Да, правый берег Волги был слегка высоковат, но стоящие на судах мортиры принялись забрасывать конные сотни бия разрывными бомбами и бомбами с горючей смесью. А потом высадившиеся на берег и поднявшиеся на кручу стрельцы произвели в них же пару залпов из пищалей, прежде чем спасительно сигануть обратно к урезу воды. Взрывы бомб и пищальные залпы заставили смешаться атакующих конников в кучу, чем немедленно и воспользовались воины Саид-Ахмеда. Битва вновь вернулась к своеобразному статус-кво, где оба центра упорно бились, а левые фланги у обоих войск были уже разбиты. И вот тут Саид-Ахмед показал, что как полководец, он на голову выше своих визави, ибо он смог, а его противники не смогли определить тот момент, когда даже слабый удар меняет всю картину боя. Агиш бросил свой резерв слишком рано, и он сгорел в пламени сражения, так и не сумев передолить его исход. А вот конница бея ударила в нужном месте и в нужное время, одним ударом опрокинув дрогнувший тумен, после чего рысью помчалась в тыл пока ещё сражающемуся центру.
Оглянувшись, Саид-Ахмед молча кивнул головой, и тотчас сотник его личной стражи Агалак отделился от окружавшей мирзу свиты и горяча коня, помчался куда-то в сторону. Мирзы и беки, оставшиеся рядом с правителем, с усмешкой глядели ему вслед. Многие считали сотника недалёким служакой, и только Саид-Ахмед знал, как они ошибаются.
Агалак не раз выполнял его поручения, и каждый раз с успехом справлялся с возложеным на него делом. Так кого, как не его посылать в погоню за тем, кого мирза хотел видеть у себя в пленниках? И потому конная сотня Агалака так и не приняла участие в битве, зато её кони были свежи и легки на подъём. И уйти от неё, скрывшись в степной дали, было практически невозможно.
Между тем битва, можно сказать, была окончена. Уже спустя всего лишь час после того, как побежал первый вражеский тумен, только пыль за горизонтом указывала на места погони победителей за побеждёнными.

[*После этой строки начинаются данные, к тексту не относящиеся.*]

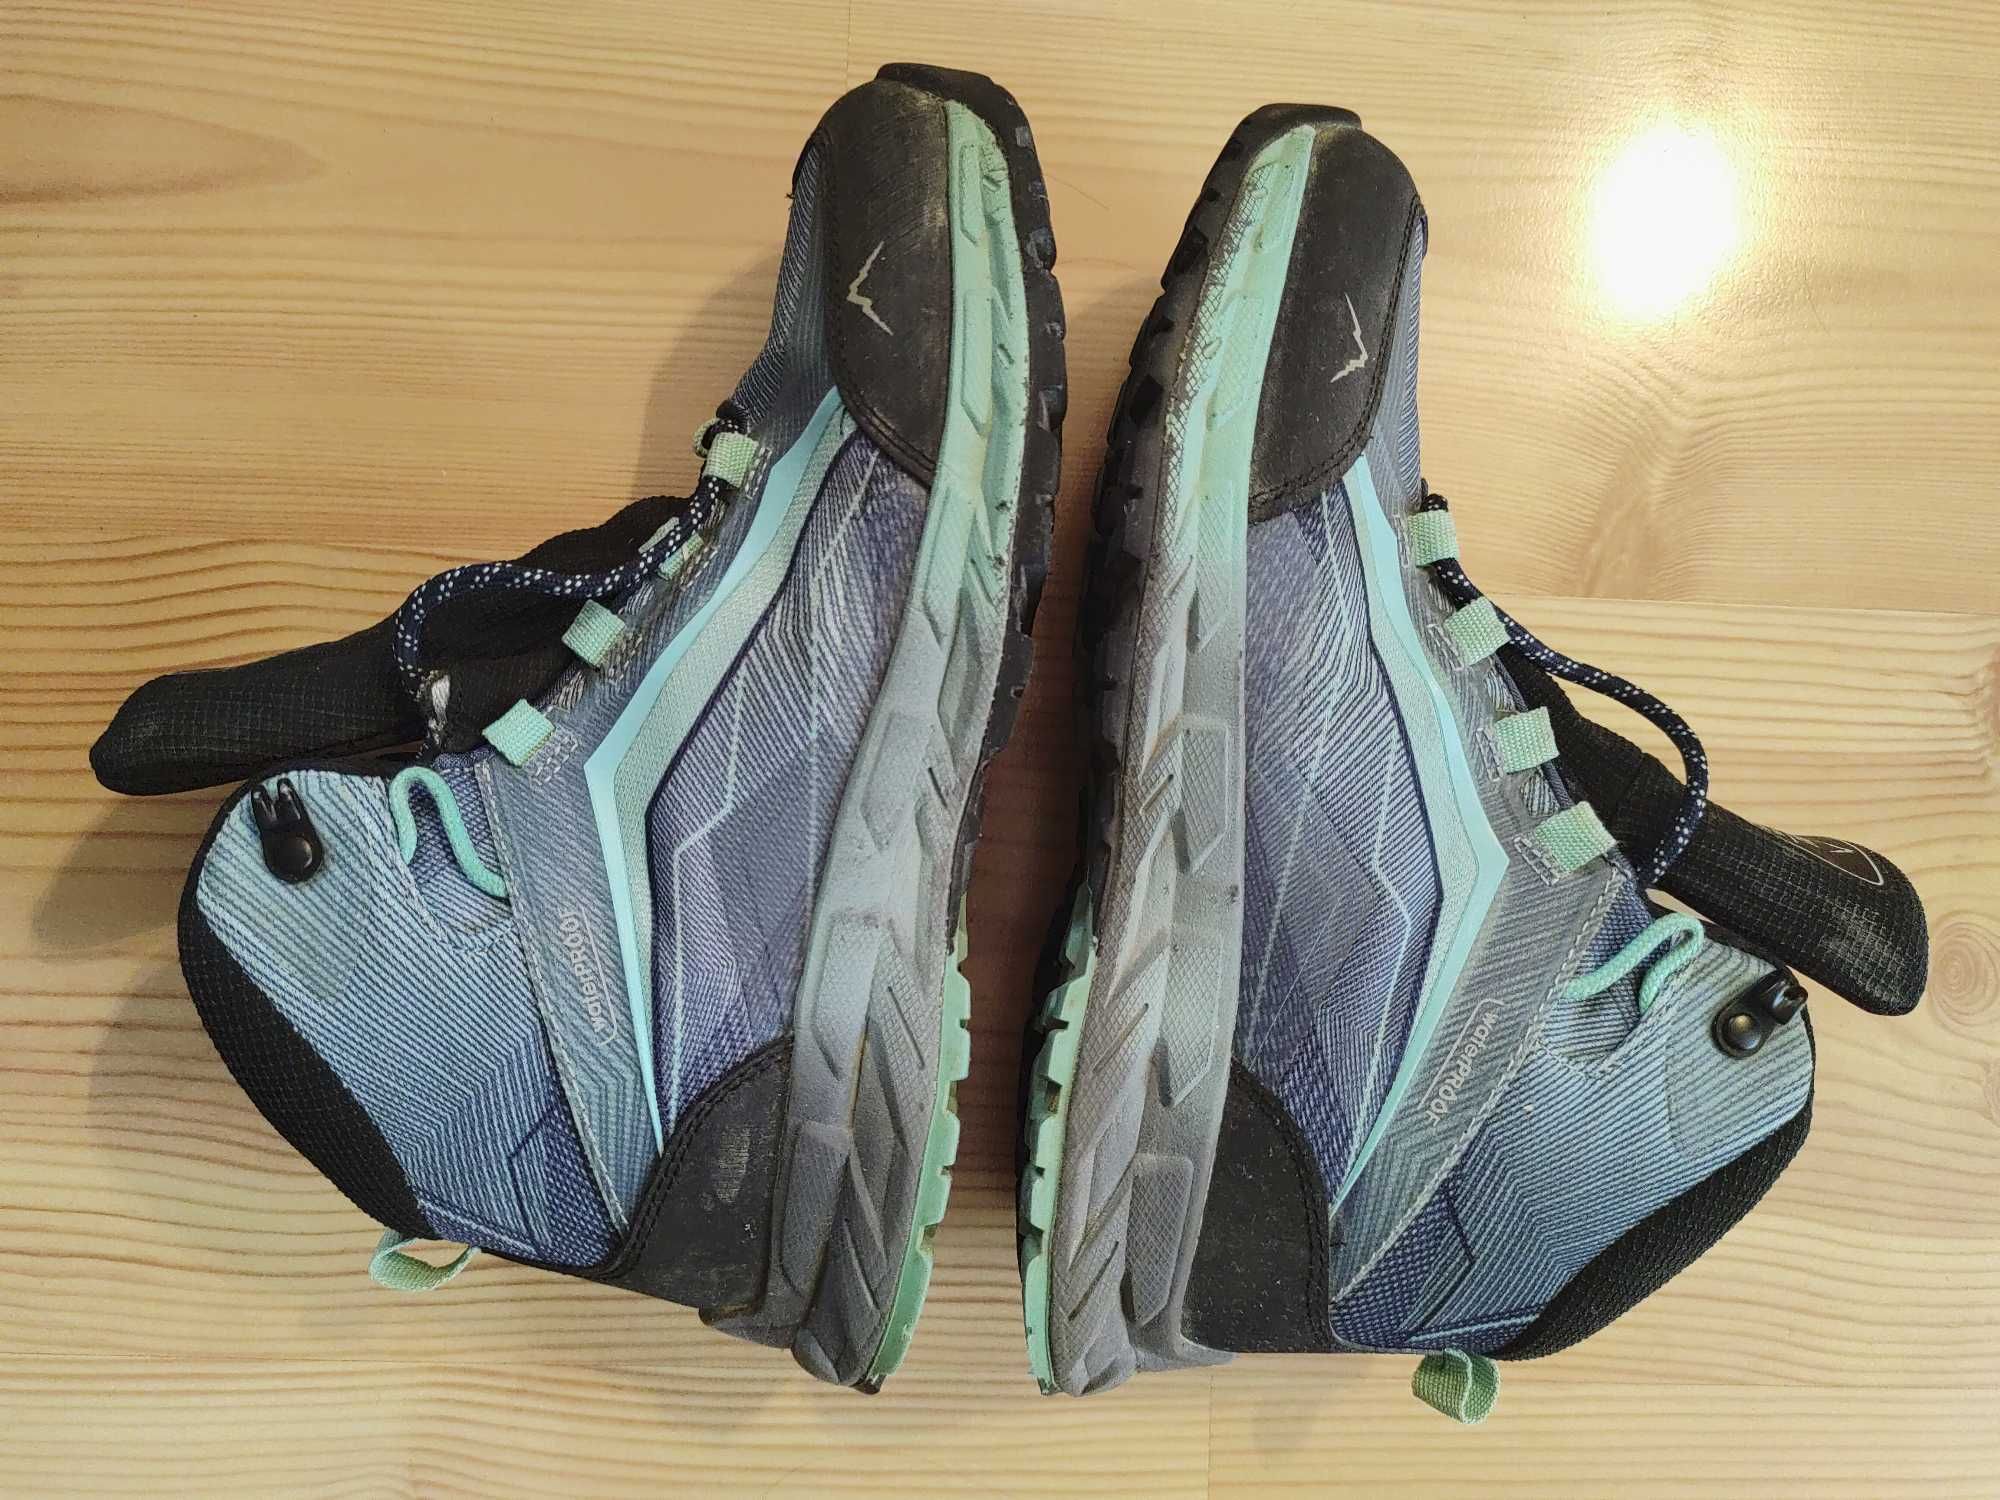 Damskie buty trekkingowe Elbrus r. 38 25cm

После отчаянной рубки воины Саид-Ахмеда преследовали бегущих до той поры, пока их кони не начинали храпеть от усталости. И только тогда они прекращали свой безумный бег и поворачивали назад, успев по пути набрать себе и полону, и оружия, и коней. Победа была полная, но она не вызывала радости у бея. Оценив потери и оглядев оставшихся в строю, Саид-Ахмед понял, что город ему не взять. И Гостиный двор, где укрылись русские тоже. Слишком мало он взял с собой воинов. И слишком упорно бился проклятый Агиш. Что ж, он умеет признавать поражение и выполнит заключённый договор, признав хаджи-тарханским ханом хуссейнова ублюдка. Покрайней мере, пока. А сам будет готовиться к новым боям с родичем. Уж кто-кто, а он-то хорошо знал, что Агиш не отступится от заветной мечты. А после случившегося кровопролития, вряд ли согласится ладить дело миром. Так что впереди, скорей всего, предстоит ещё не одна подобная битва.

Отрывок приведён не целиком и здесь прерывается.